Vietnam aims for 20-22% growth in e-commerce sector in 2025
Vietnam aims for 20-22% growth in e-commerce sector in 2025
The Vietnamese government has set the e-commerce sector's growth target at 20-22 percent in 2025.
![]() Vietnam's business-to-consumer e-commerce market grew 18-20 percent in 2024. Photo: Quang Dinh / Tuoi Tre |
Nguyen Anh Tuan, strategy director at J&T Express Vietnam, believed that Vietnam's e-commerce sector has the potential for explosive growth but requires smooth coordination.
The growth target for Vietnam’s e-commerce sector in 2025 aligns with the current market development trend, Tuan said, adding that from 2021 to 2024, the market has maintained an annual growth rate of 21-25 percent.
During the 2022-23 period, the market grew up to 25 percent. The 2023-25 period will be a new phase for Vietnam’s e-commerce market, with the entry of major global e-commerce platforms.
Meanwhile, existing sellers and platforms have gained valuable experience and will begin to break through in the upcoming months, according to Tuan.

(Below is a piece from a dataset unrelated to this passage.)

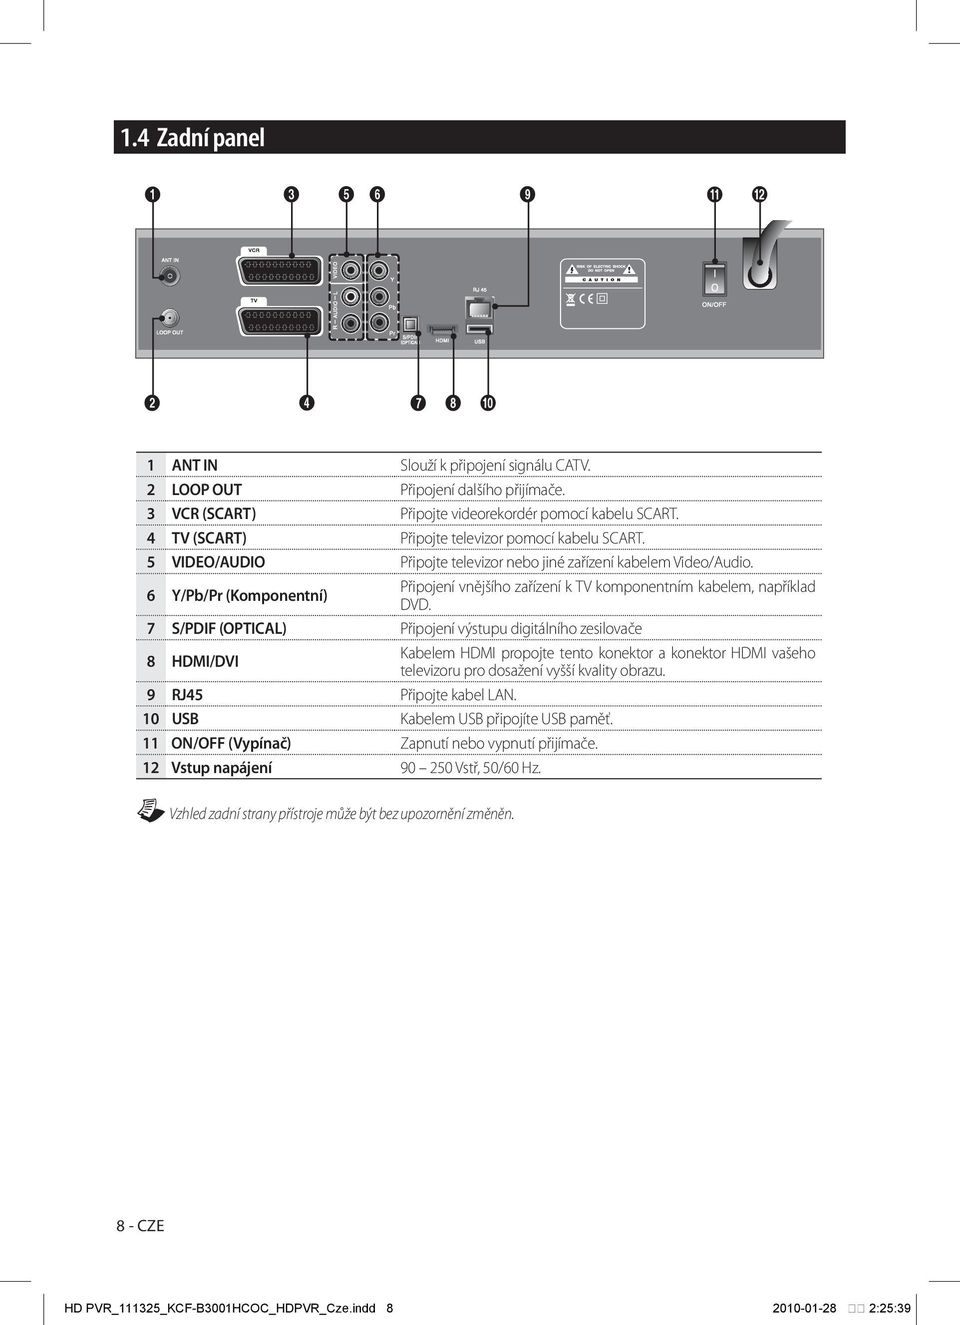 6 Y/Pb/Pr (Komponentní) Připojení vnějšího zařízení k TV komponentním kabelem, například DVD.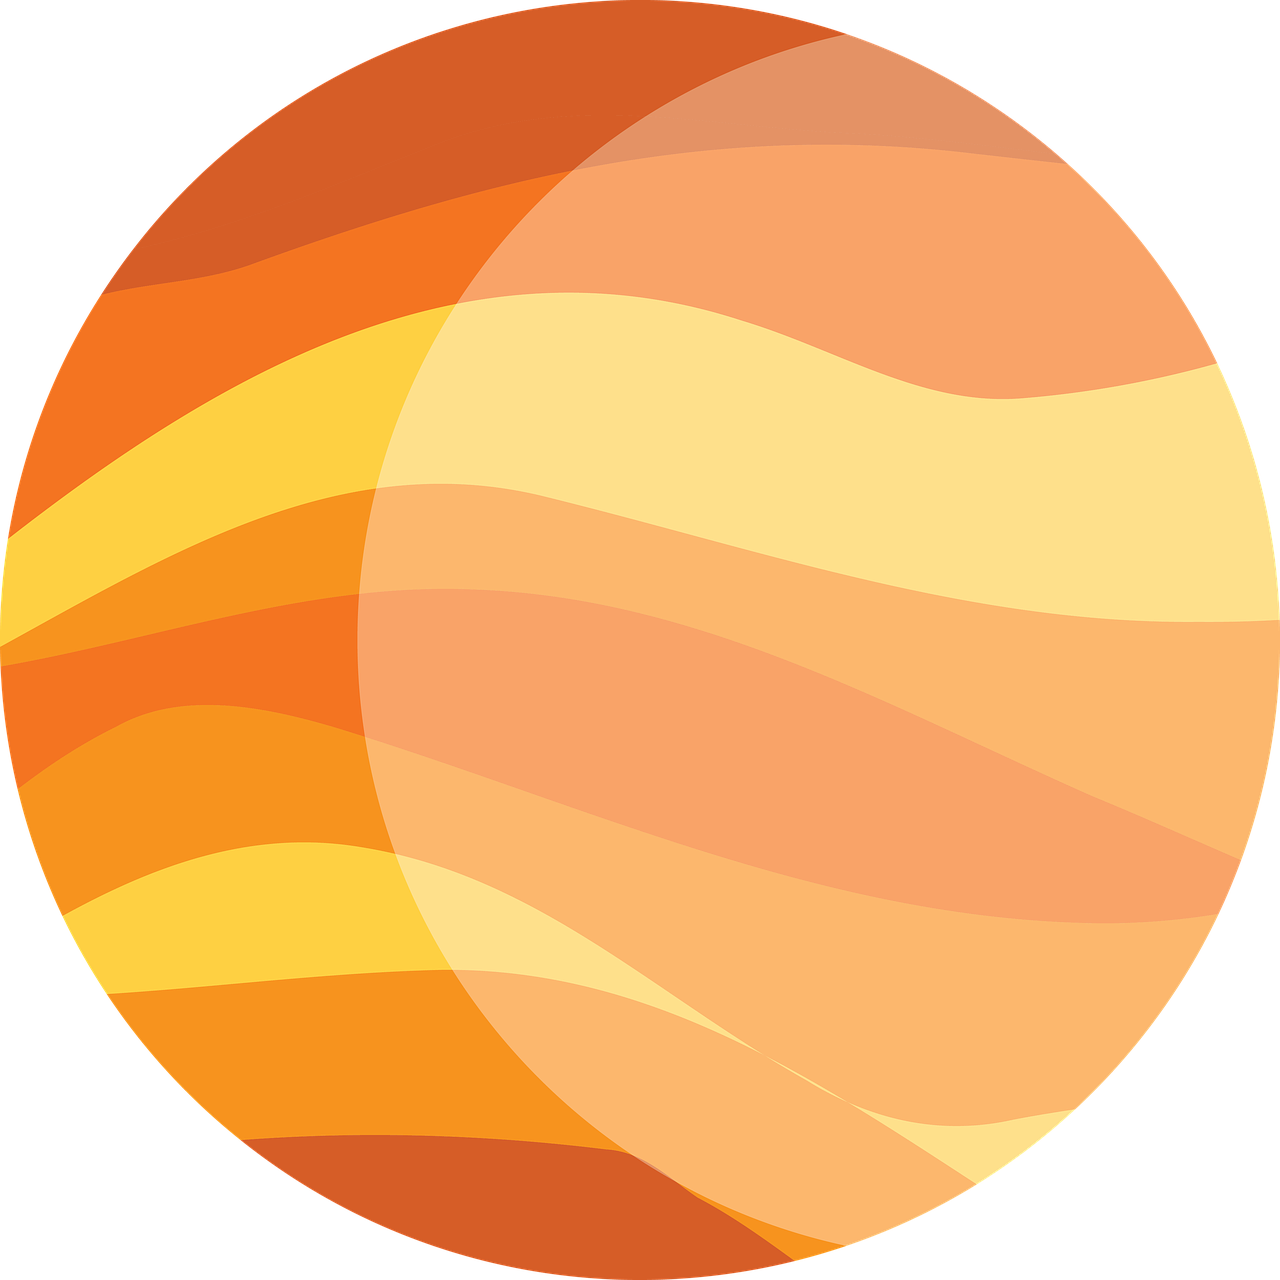 jupiter orange planet free photo

However, to achieve the target, close and synchronized cooperation between entities in the ecosystem, such as retailers, payment service providers, logistics and express delivery companies, marketing service providers, infrastructure providers, and authorities, is needed to promote digital transformation, improve logistics infrastructure, and enhance e-commerce support services.
“We are ready to strengthen collaboration with technology partners and other units in the ecosystem to build a green and sustainable e-commerce economy,” Tuan affirmed.
Bui Huu Nghia, founder of the Vicolas brand, which specializes in e-commerce, claimed that businesses must build strong brands, manage customer data well, and implement effective marketing strategies to meet the target.
Selling on digital platforms is not as simple as many think. Sellers bear various costs, including advertising fees, commission fees for platforms, taxes, and other operational expenses, which can account for 35-45 percent of their revenue.
In some cases, to maintain order volume, many brands are willing to offer deep discounts and constantly run promotions throughout the year, which drives costs even higher.
Sellers must consider different distribution channels instead of relying entirely on e-commerce platforms that often push discounts, creating a habit for customers to wait for promotions, in turn diminishing product value.
A major issue is that sellers do not have access to detailed customer information and only receive order codes and basic delivery-related data, which creates difficulties in customer care and building long-term relationships.
In many cases, customers make purchases entirely through the platform without direct interaction with brands.